Rules Are for Schmucks: The Truth about the Houston Subpoenas to Christian Pastors
Senator Ted Cruz and the rest of the Christian Right were in an uproar last week over the City of Houston’s subpoenas to several Christian pastors, requiring them to provide copies of sermons and other communications pertaining to pending litigation with the city. Calling them “a subpoena to silence prayers,” Cruz thundered, “The city of Houston has no power—no legal authority—to silence the church. Caesar has no jurisdiction over the pulpit.” The trade association for Christian broadcasters calls the subpoena an “inquisition,” the head of the Family Research Council calls it a “Soviet-style crackdown on area churches,” and even the head of the liberal Interfaith Alliance calls it “profoundly disturbing.”
Here’s what’s really going on.
Last May, the Houston City Council passed an equal rights ordinance, consolidating existing city bans on discrimination based on sex, race, age, religion and other categories and increasing protections for gay and transgender residents. Unfortunately, religious institutions are exempt from most of its provisions, but that doesn’t mean they’re not bitterly opposed to it. A coalition called “No Unequal Rights” spearheaded by local church groups like the Baptist Ministers Association of Houston formed to petition the ordinance to referendum.
In July, the pro-discrimination lobby submitted over 50,000 signatures to put the repeal of the ordinance on the ballot, which seemed like a lot when only 17,269 were needed. But upon closer examination, many of the signatures were invalid, and many of the signature collectors were not properly-qualified Houston residents–the city has this quaint idea that only people who are registered to vote in Houston ought to be involved in deciding what Houston’s laws will be. More than two-thirds of the signatures were thrown out, so the referendum will not be appearing on the ballot this fall.
[Pop trivia quiz: Which prominent American politician first won office by invalidating the nominating petitions of every one of his or her primary opponents? First commenter with the correct answer gets bragging rights for a week.]
As expected, the pro-discrimination forces didn’t like this result, so they brought a lawsuit. The City of Houston didn’t sue anybody—the people challenging the law started the fight. Once it found itself hauled into court, though, the City of Houston “lawyered up.” Naturally, one of the first things its lawyers wanted to do was to learn more about how these signatures were in fact collected, a central element of the case. Hence, the now-famous subpoena.
Is it true, as Sen. Cruz puts it, that “Caesar has no jurisdiction over the pulpit?” Of course it isn’t. Take an easy example, starting at the top: the crime of treason, defined as giving aid and comfort to enemies of the United States. We are currently at war with the Islamic State, a war we’d better win. It is entirely possible that sermons at some American Muslim mosques are treasonous – encouraging the financing and recruitment of fighters for our enemy, or even sabotage here at home. If the government has grounds to suspect such activity, should it be OK to subpoena those sermons? It better be!

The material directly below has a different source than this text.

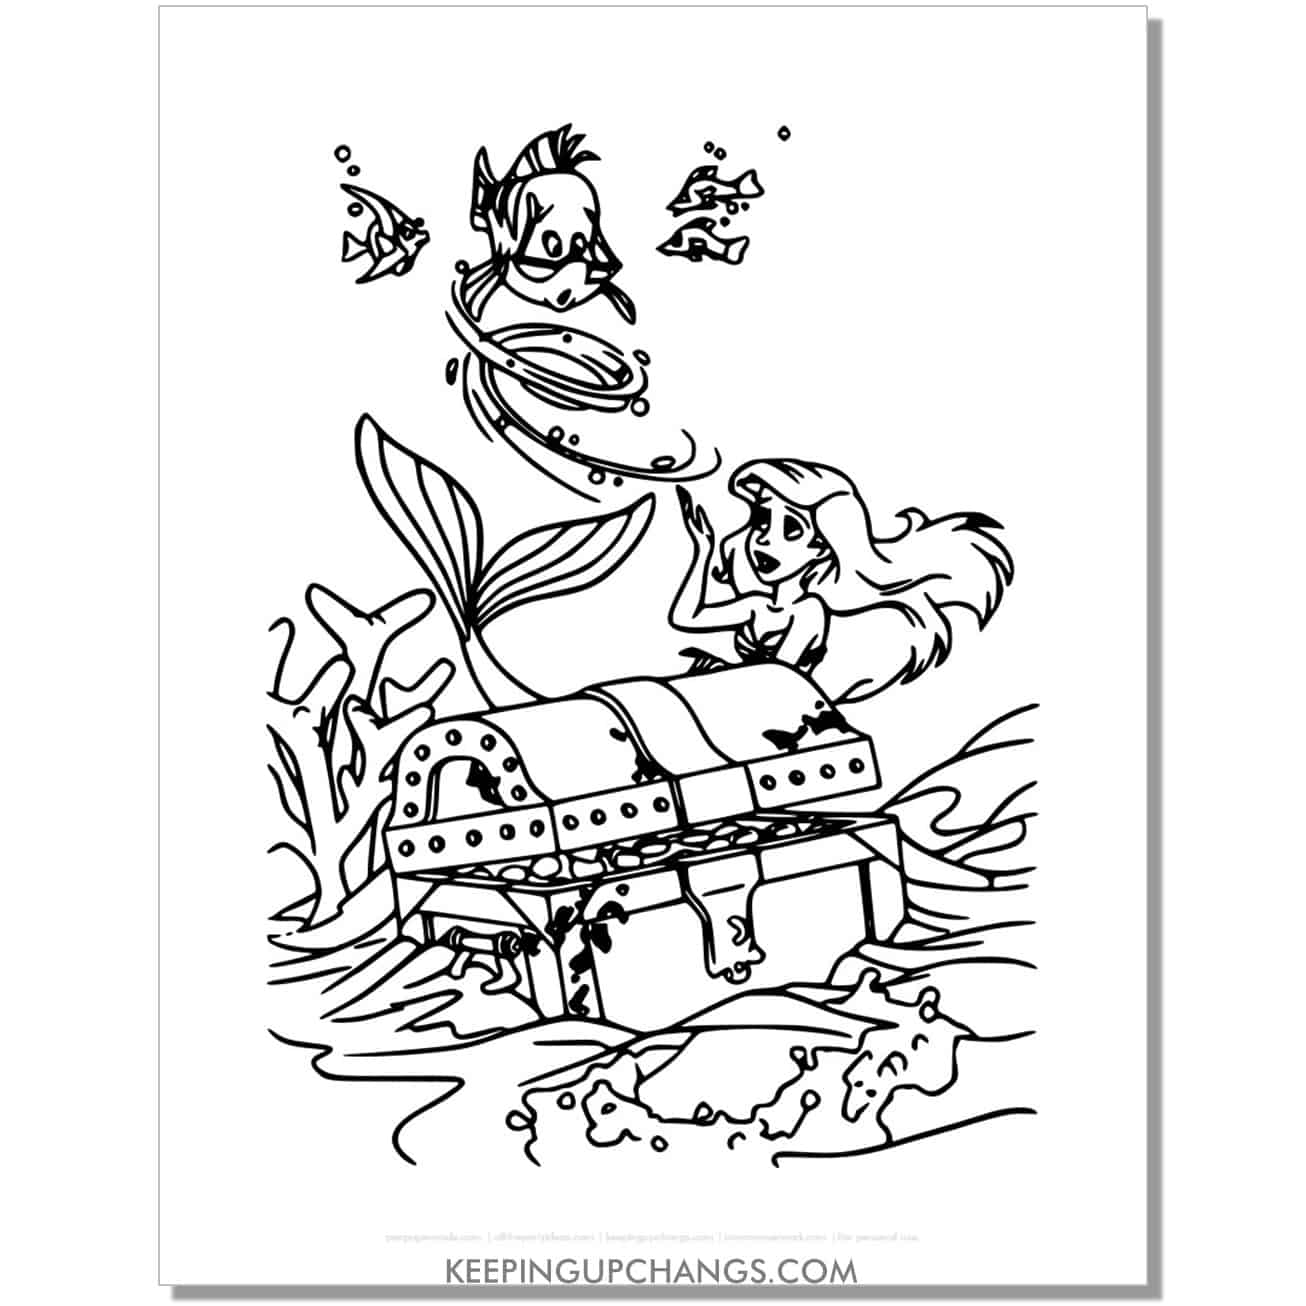 little mermaid ariel, flounder find treasure chest coloring page, sheet.

Legal scholar Eugene Volokh posits another example. Suppose a church fires a clerical employee after she becomes pregnant. If there’s a record of sermons in that church indicating some bizarre biblical view that mothers should stay at home, should it be possible for the woman to subpoena those sermons in connection with her wrongful discharge complaint? Of course it should.
In Houston, it’s entirely plausible that sermons instructed petition distributors, consciously or otherwise, to do things contrary to law in gathering their names. After all, if it’s God who wants to crush equal rights for gays, why should bureaucratic red tape be allowed to bar the way? It’s hard to imagine anything more relevant to the case at hand than the instructions and encouragement that were given to signature collectors—exactly what the pastors are now trying to hide.
It is true that the lawyer who drafted the subpoena played the typical lawyer’s game of killing ants with a sledgehammer, demanding communications not only about the petition drive but anything the pastors may have said about the mayor herself. This is what lawyers do—they try to win cases by casting their nets as broadly as possible. I’ll bet my last nickel that the lawyers for the pastors have demanded, or will demand if they haven’t yet, every shred of communication pertaining even remotely to the process by which the decision was made to invalidate two-thirds of the petition signatures—all of which they should be entitled to receive.
There’s a time-honored procedure in the law relating to litigation discovery for challenging over-broad document requests that have nothing to do with the matter at hand. It is typically a straightforward matter to negotiate an arrangement between the attorneys to hone down the information demands on both sides to the truly relevant items. Normally neither side wants to be in the position of antagonizing the judge with indefensibly irrelevant demands, thus started their case off on the wrong foot.
Nevertheless, the mayor of Houston gave up the fight almost immediately, announcing on Friday that the subpoenas would be changed to withdraw the demand for sermons. But as typically happens with gutless appeasement, the opposition is simply emboldened. Now they say that the subpoenas “must be rescinded entirely,” and that every single communication authored by a man of the cloth has to be exempt from the civil discovery process. So it’s OK for the pro-discrimination Christians who sued the city to throw a punch, but not to take one.
Why? Because rules are for schmucks. God experts do what they want.